(Your instructions)
Each record should be reproduced exactly.

(Information given)
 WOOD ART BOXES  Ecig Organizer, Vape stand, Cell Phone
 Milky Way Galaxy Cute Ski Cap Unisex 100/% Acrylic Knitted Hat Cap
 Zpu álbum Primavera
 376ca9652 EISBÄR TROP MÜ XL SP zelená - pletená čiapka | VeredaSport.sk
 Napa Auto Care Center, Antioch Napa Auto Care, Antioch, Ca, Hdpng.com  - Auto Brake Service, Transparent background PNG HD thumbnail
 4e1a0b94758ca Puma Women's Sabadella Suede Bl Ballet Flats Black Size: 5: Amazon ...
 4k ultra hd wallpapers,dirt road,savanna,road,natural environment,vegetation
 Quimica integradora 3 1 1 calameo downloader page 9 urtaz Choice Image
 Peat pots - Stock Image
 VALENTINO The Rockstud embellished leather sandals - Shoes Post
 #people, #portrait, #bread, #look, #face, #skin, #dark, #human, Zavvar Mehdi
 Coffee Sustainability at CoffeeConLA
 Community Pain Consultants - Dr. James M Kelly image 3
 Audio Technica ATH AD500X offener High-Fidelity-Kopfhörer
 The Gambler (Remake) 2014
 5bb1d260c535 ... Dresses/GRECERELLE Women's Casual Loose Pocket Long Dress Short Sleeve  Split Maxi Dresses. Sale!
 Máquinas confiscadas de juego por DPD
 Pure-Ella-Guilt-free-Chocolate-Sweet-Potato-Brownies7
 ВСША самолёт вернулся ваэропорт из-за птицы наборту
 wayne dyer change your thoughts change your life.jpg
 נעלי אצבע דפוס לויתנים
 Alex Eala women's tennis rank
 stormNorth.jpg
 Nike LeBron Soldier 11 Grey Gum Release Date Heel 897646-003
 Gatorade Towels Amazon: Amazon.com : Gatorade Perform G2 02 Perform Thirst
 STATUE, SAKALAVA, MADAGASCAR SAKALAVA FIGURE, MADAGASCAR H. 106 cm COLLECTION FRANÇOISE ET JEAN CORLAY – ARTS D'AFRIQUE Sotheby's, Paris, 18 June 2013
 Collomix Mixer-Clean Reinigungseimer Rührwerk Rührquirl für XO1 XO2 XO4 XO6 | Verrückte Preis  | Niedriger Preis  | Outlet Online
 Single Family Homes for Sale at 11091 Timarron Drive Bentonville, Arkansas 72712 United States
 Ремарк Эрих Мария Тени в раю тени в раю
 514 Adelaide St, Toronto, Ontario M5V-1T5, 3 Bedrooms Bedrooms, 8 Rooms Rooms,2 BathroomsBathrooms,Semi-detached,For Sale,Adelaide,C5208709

(Result)
 WOOD ART BOXES  Ecig Organizer, Vape stand, Cell Phone
 Milky Way Galaxy Cute Ski Cap Unisex 100/% Acrylic Knitted Hat Cap
 Zpu álbum Primavera
 376ca9652 EISBÄR TROP MÜ XL SP zelená - pletená čiapka | VeredaSport.sk
 Napa Auto Care Center, Antioch Napa Auto Care, Antioch, Ca, Hdpng.com  - Auto Brake Service, Transparent background PNG HD thumbnail
 4e1a0b94758ca Puma Women's Sabadella Suede Bl Ballet Flats Black Size: 5: Amazon ...
 4k ultra hd wallpapers,dirt road,savanna,road,natural environment,vegetation
 Quimica integradora 3 1 1 calameo downloader page 9 urtaz Choice Image
 Peat pots - Stock Image
 VALENTINO The Rockstud embellished leather sandals - Shoes Post
 #people, #portrait, #bread, #look, #face, #skin, #dark, #human, Zavvar Mehdi
 Coffee Sustainability at CoffeeConLA
 Community Pain Consultants - Dr. James M Kelly image 3
 Audio Technica ATH AD500X offener High-Fidelity-Kopfhörer
 The Gambler (Remake) 2014
 5bb1d260c535 ... Dresses/GRECERELLE Women's Casual Loose Pocket Long Dress Short Sleeve  Split Maxi Dresses. Sale!
 Máquinas confiscadas de juego por DPD
 Pure-Ella-Guilt-free-Chocolate-Sweet-Potato-Brownies7
 ВСША самолёт вернулся ваэропорт из-за птицы наборту
 wayne dyer change your thoughts change your life.jpg
 נעלי אצבע דפוס לויתנים
 Alex Eala women's tennis rank
 stormNorth.jpg
 Nike LeBron Soldier 11 Grey Gum Release Date Heel 897646-003
 Gatorade Towels Amazon: Amazon.com : Gatorade Perform G2 02 Perform Thirst
 STATUE, SAKALAVA, MADAGASCAR SAKALAVA FIGURE, MADAGASCAR H. 106 cm COLLECTION FRANÇOISE ET JEAN CORLAY – ARTS D'AFRIQUE Sotheby's, Paris, 18 June 2013
 Collomix Mixer-Clean Reinigungseimer Rührwerk Rührquirl für XO1 XO2 XO4 XO6 | Verrückte Preis  | Niedriger Preis  | Outlet Online
 Single Family Homes for Sale at 11091 Timarron Drive Bentonville, Arkansas 72712 United States
 Ремарк Эрих Мария Тени в раю тени в раю
 514 Adelaide St, Toronto, Ontario M5V-1T5, 3 Bedrooms Bedrooms, 8 Rooms Rooms,2 BathroomsBathrooms,Semi-detached,For Sale,Adelaide,C5208709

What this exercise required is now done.